Recently my bottom pour has given me fits with dirty looking bullets. I've cleaned the pot out and still have problems. Seems like it's worse when using sawdust in the pot.
 

Ian

Notorious member
How do you pour the alloy through the sawdust without pushing some below the surface?

Drizzle molten alloy through the sawdust layer with a spoon or big ladle. Biggest problem I've had with a bottom-pour giving me dross inclusions and dirty spots is due to throwing back cull bullets and sprues as I cast. Those solid bits of lead have an oxide layer on them and due to higher density than the molten alloy they sink straight to the bottom, then melt and deposit their oxide skins between the surface of the melted mass and bottom of the pot. Then those skins migrate to the spout due to the flow current and show up in your bullets. A vigorous scraping of the bottom of the pot with a spoon and then stir to create a nice vortex will bring this stuff out. Sawdust won't get down there unless it is stuck to a sprue and gets pulled all the way to the bottom, and even then it likely won't get outside of the surface tension of the melt and will float back up.

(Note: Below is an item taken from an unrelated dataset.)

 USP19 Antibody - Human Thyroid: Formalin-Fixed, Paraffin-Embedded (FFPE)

Scraping the bottom of the pot with a wood stick is a sure way to force ash deposits outside the surface skin of the melt on the bottom and get them in your bullets.
 

fiver

Well-Known Member
I use a mix of the wax and the carbon.
I get the wood to break down and char then slowly fold the alloy from the bottom to the top and roll it through the ashes after one single trip around the pot doing that I go to the wax and fire and work the sides and bottom of the pot with my scraper pulling everything to the top [omg the fine dirt]
then take everything off the pot and hit it with the wax and fire again this time stirring and swirling the alloy letting the burnt wax go through the alloy.
I pretty much leave the residue on top of the alloy this time unless I see a bunch of black again.
I crank up the heat when I do this.

I have tried kitty litter on top of the alloy which is fine for stopping splashes and to let sprues melt and filter through but I'm not really sold on the idea for a couple of other reasons.

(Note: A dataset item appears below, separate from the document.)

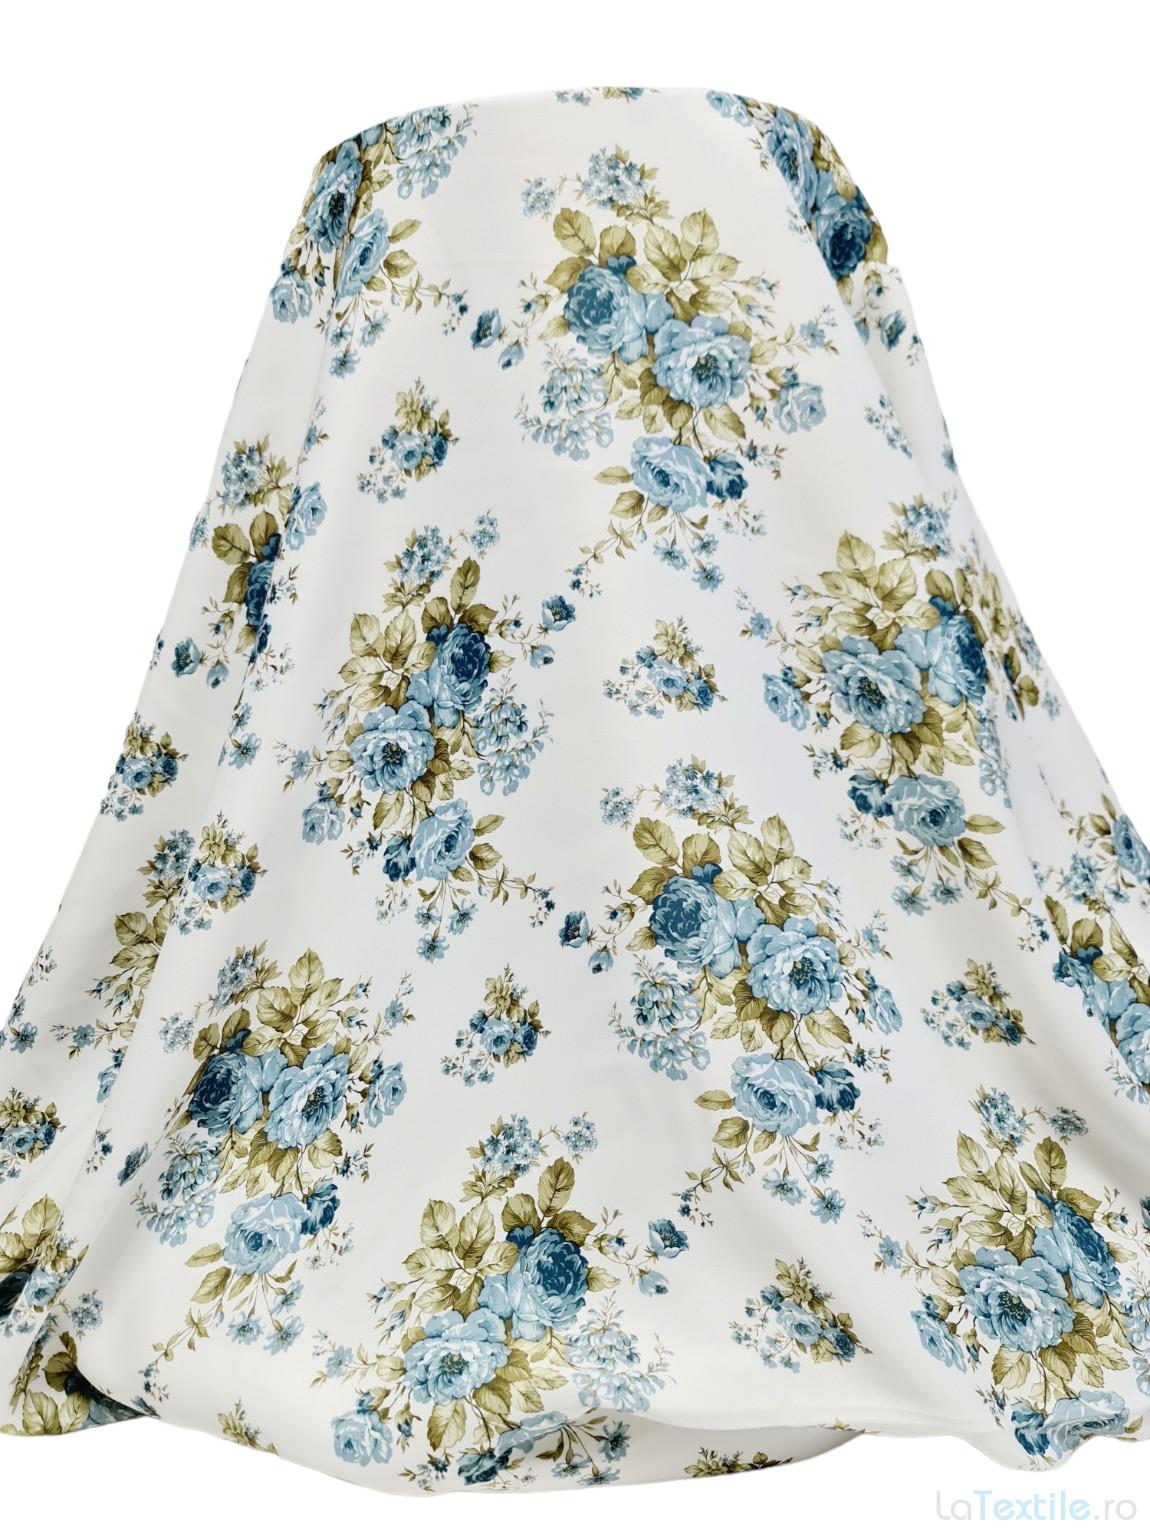 Material draperie satinat alb cu imprimeu floral bleu

I have mostly gone to really focusing on cleaning my alloy before it ever gets to my casting pot.
I work the alloy to tears in the initial cleaning, and then again when I do a re-blend of my smelted alloy.
I have found I rarely need to do a pot cleaning other than returning oxides [and maybe a dry scraping every now and then] by using clean alloy to cast with.
 

KHornet

Well-Known Member
Over the very many years of casting, I have never cleaned a pot!
Many years ago, someone recommended just sturring with a soft
wood stick (paint sutrrer or wood dowell. It worked back then, and
have been using just that since. I know that probably goes again
the grain, but it works for me.

Paul
 

Tony

Active Member
I have a box of deciduous chips from a stump grinding operation. Are these useful for flux when processing scrap into ingots?
 

Brad

Benevolent Overlord and site owner
Staff member
Finer is better, to a point. I use aspen pet bedding I got at the pet store. Works pretty well for me.
 

Rick

Moderator
Staff member
Could work Tony, it's not the wood per se that does the fluxing but as it chars and turns to carbon, the carbon does the work. Chips could work but take longer to burn to carbon.
 

Brad

Benevolent Overlord and site owner
Staff member
I pour the lead thru the chips to get them starting to char. It makes lots of smoke but that is a good thing. Once the wood is pretty well charred I use a lighter and ignite it. The yellow, smoker flame means a fair amount of carbon monoxide is being produced. Carbon monoxide is a good reducing agent and in my opinion is what really helps get the oxides back into the melt.
Once the fire goes out keep stirring and pouring lead thru the carbon. The carbon will help grab the dirt and stuff we don't want. Things like calcium or aluminum.

Finer is better as it already has a fair bit of surface area and the surface is where the work is done.